The car's otherwise generally fine. Steering feels all good, recently fully Audi serviced with no issues, Pilot Sport 4s on each corner, etc so I'm confused. Hence my asking to pick the collective and far more knowledgeable minds on this forum. Is this a trait that these cars can have when rapidly manoeuvering under hard acceleration or is it more likely something mechanical or computery out of whack? Or Am I just expecting too much of the cars flickability due to its sporting pretentions?

Any thoughts would be most welcome. Thanks again.


----------



## chelspeed (May 6, 2017)

Sounds like torque steer.


----------



## Blade Runner (Feb 16, 2018)

Slothly said:


> Trouble was, the car seemed to want to somehow over-compensate when straightening up and was seemingly determined to try to pull me back into the side of the vehicle I was passing, taking a real effort to hold.


Hi, and welcome.

You might have to elaborate on that a bit. Some FWD cars are notorious for torque steer but I didn't think the TT was one of them. You can also get some alarming effects when overtaking big lorries on windy days (i.e. caused by severe air turbulence between the two vehicles) but that doesn't seem to apply in your case. Bit puzzled tbh, as I haven't heard of folk complain about that before. So maybe something is wrong? Does this only happen when you are overtaking, rather than just booting it on a straight road?


----------



## AudeeTeeTee (Sep 7, 2020)

The TT has a fairly small side profile, so I'd be surprised if it was due to air turbulence from the vehicle you're overtaking.

Have you tried a similar manouvre on an empty road? i.e. drop a gear, floor it, swerve around an imaginary non-existant car, and see if it does the same?

The TDi TT does have a lot of torque, so torque steer could be a factor - but it shouldn't be anywhere the levels where you struggle to control it.

As per Blade Runners post - what happens if you boot it in a straight line?


----------



## macaddict111 (Jun 13, 2018)

Hey mate and welcome, glad you've enjoyed the forum thus far.

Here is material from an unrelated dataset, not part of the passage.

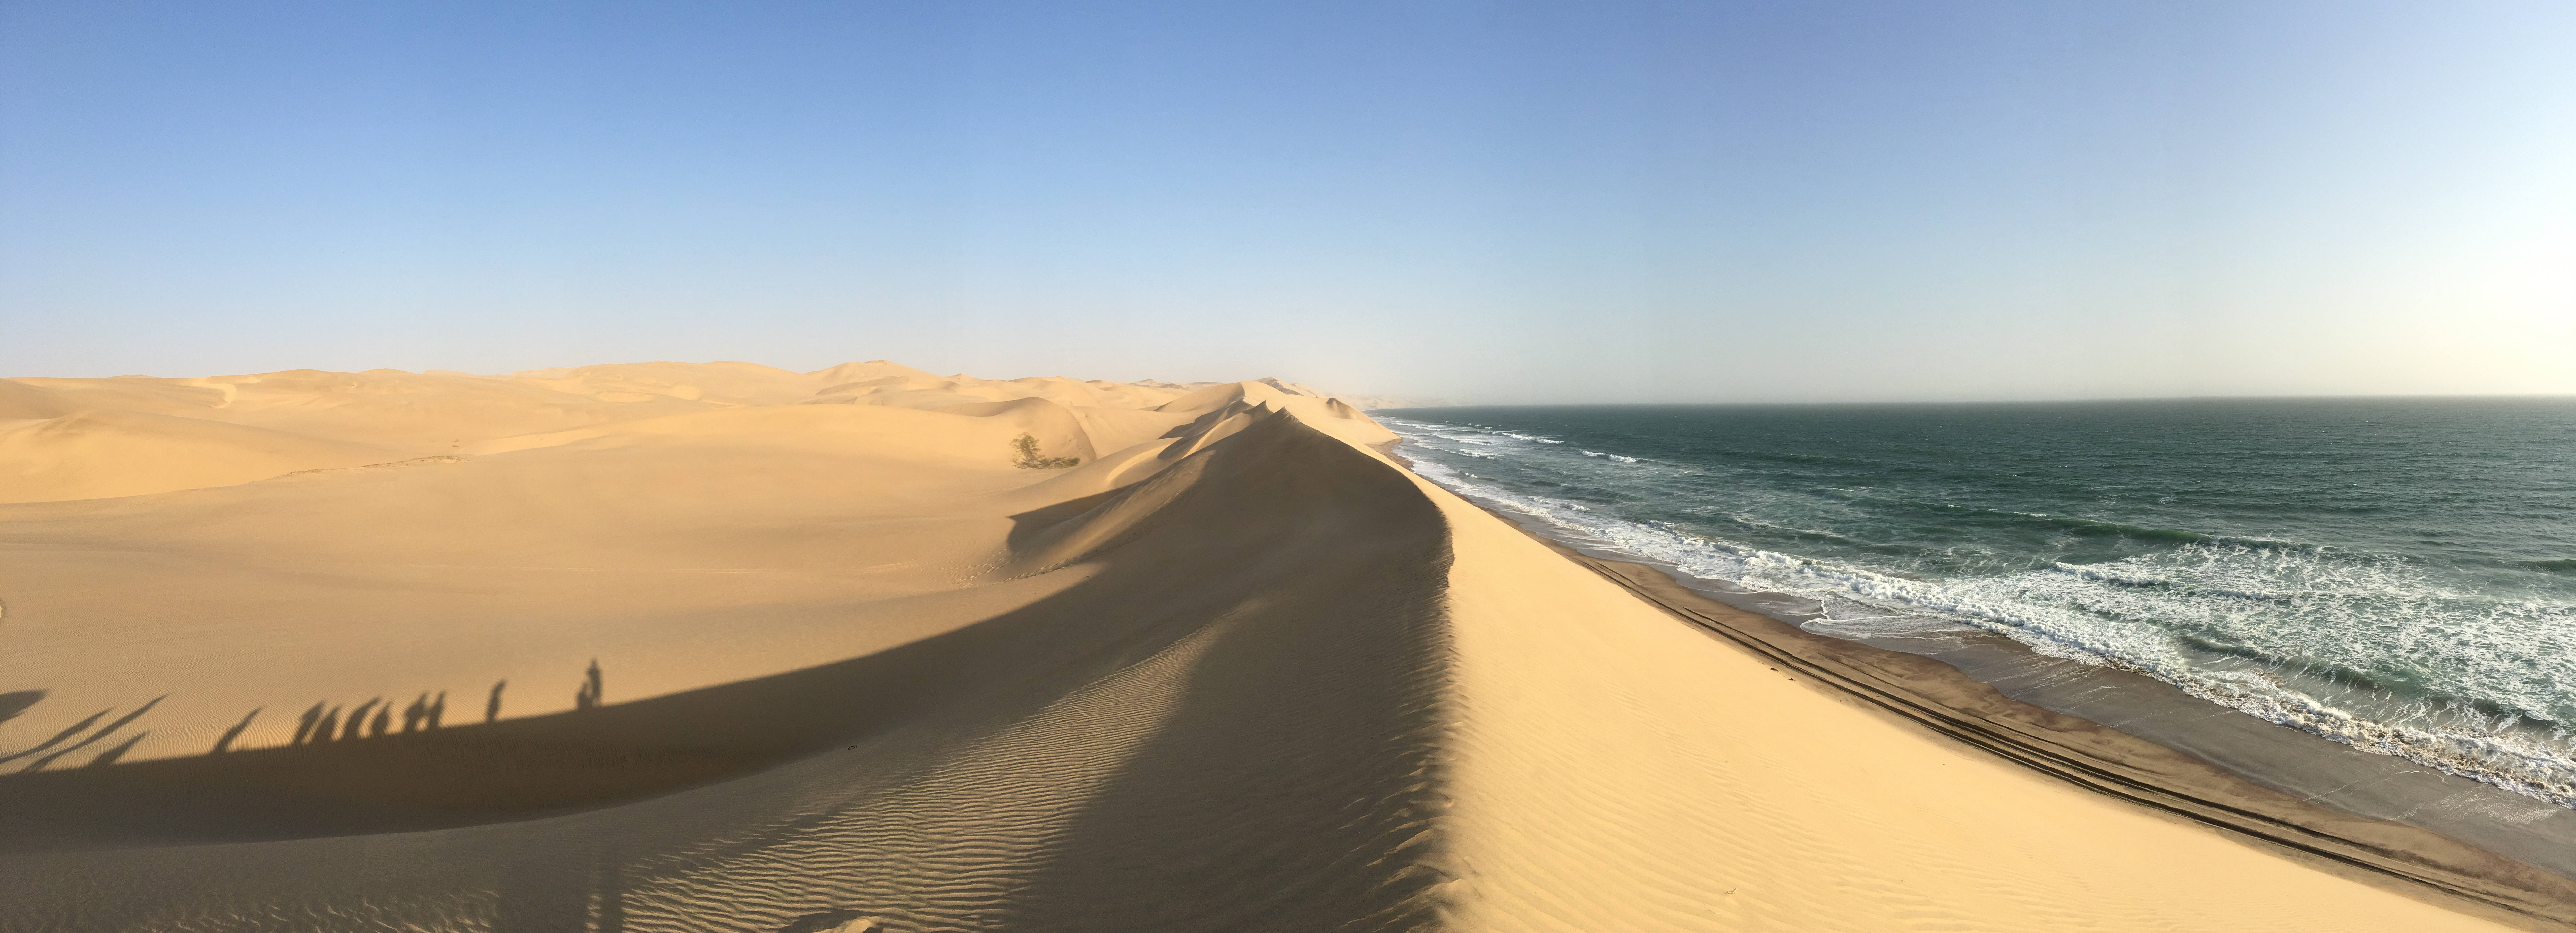 Namibia - Sandwich Bay.jpg
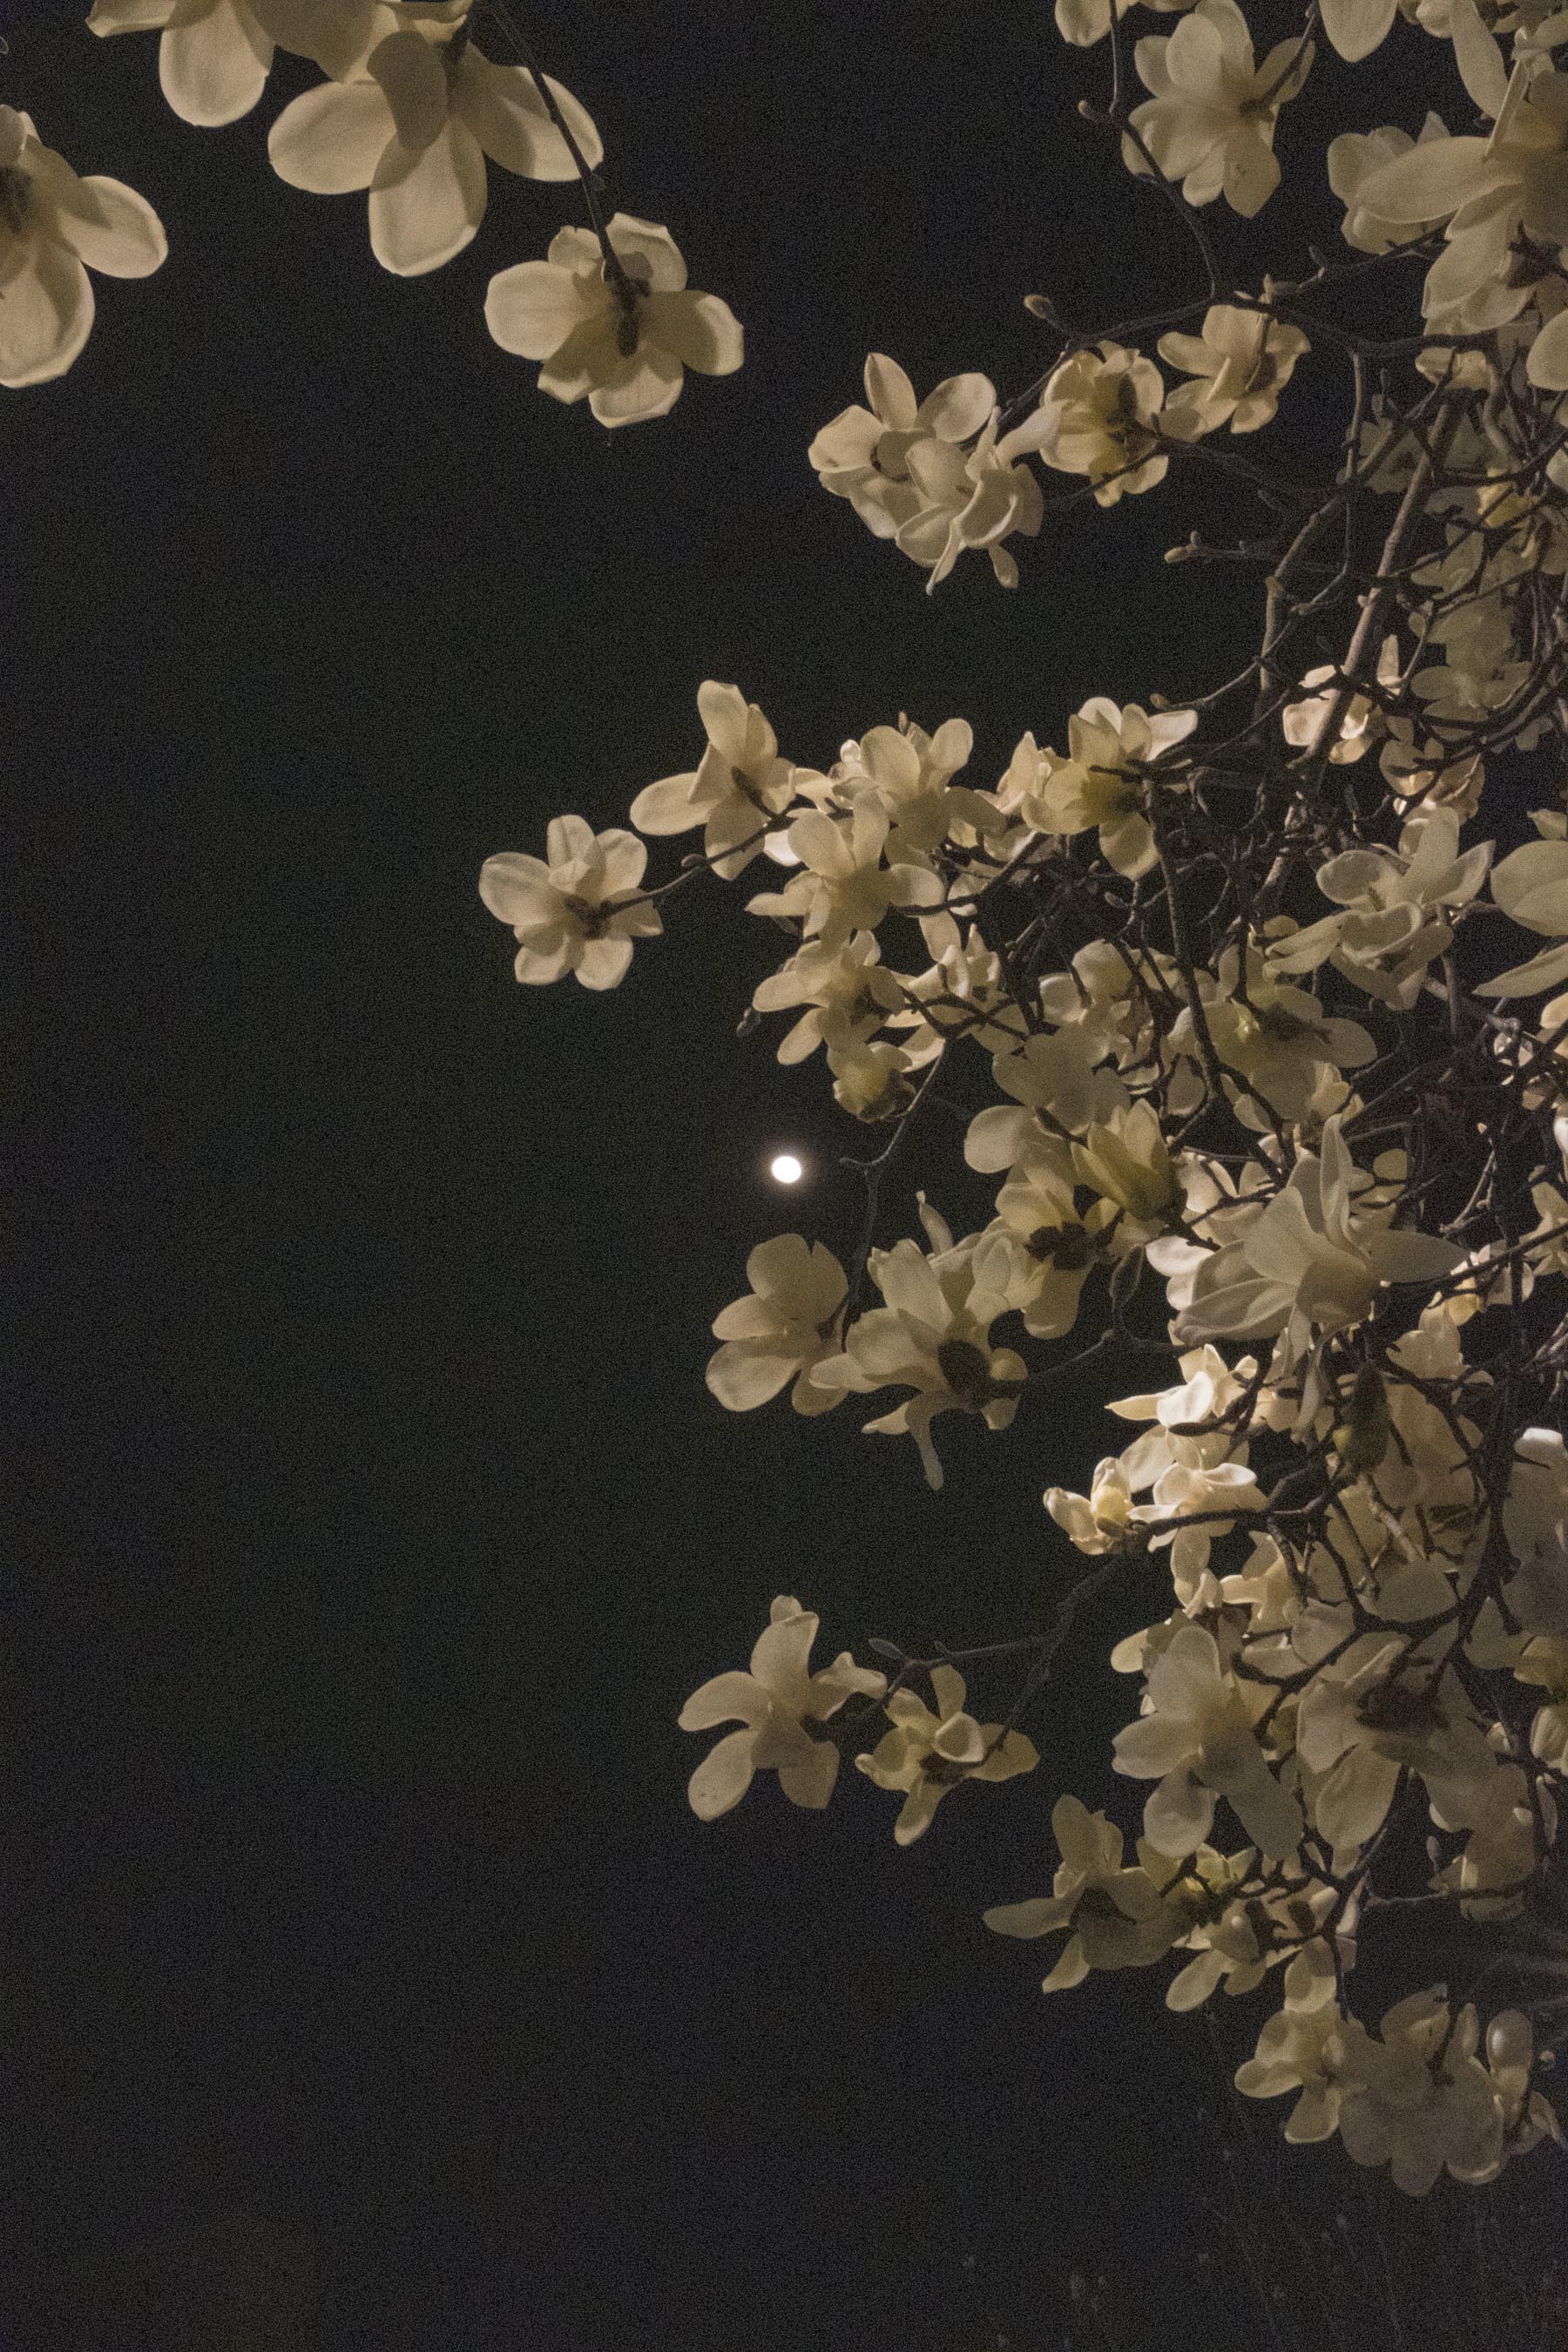 Magnolia and Moon

I'd echo and say what you're probably experiencing is torque steer or more correctly the power steering's compensation for it due to it being both a TDI and FWD. If I understand right you're saying you get into the oncoming lane just fine but it feels like you're being pulled back once you straighten out in the oncoming lane?

If it helps, I'll explain that modern electric power steering is calibrated to "stiffen up" significantly when there's a high calculated torque load on the steering wheels. There's actually a variable you can read from the steering rack in VCDS (forget the exact name) something like "drivetrain steer torque inhibit" or something that tells you how much it's compensating. Basically with old school hydraulic steering you got one assist level, that's it. One of the many advantages of electric is it can allow variable assist based on many factors (drive select if you have it, current road conditions including speed, current steering angle, and engine torque). You have a "worst case" TT for torque steer (diesel with lots of low end torque and only drive wheels are steering wheels). So VAG will have set the torque compensation higher than most on here with Quattro. Basically when you floor it, the steering controller is going to reduce assist (or more specifically "control amplification") so that it doesn't "amplify" the torque steering tendency of the drive/steering wheels to veer off in their own direction. Ideally it should be calibrated so that if you had your hand completely off the wheel (like most Tesla drivers) and floored it, the wheel should remain perfectly straight.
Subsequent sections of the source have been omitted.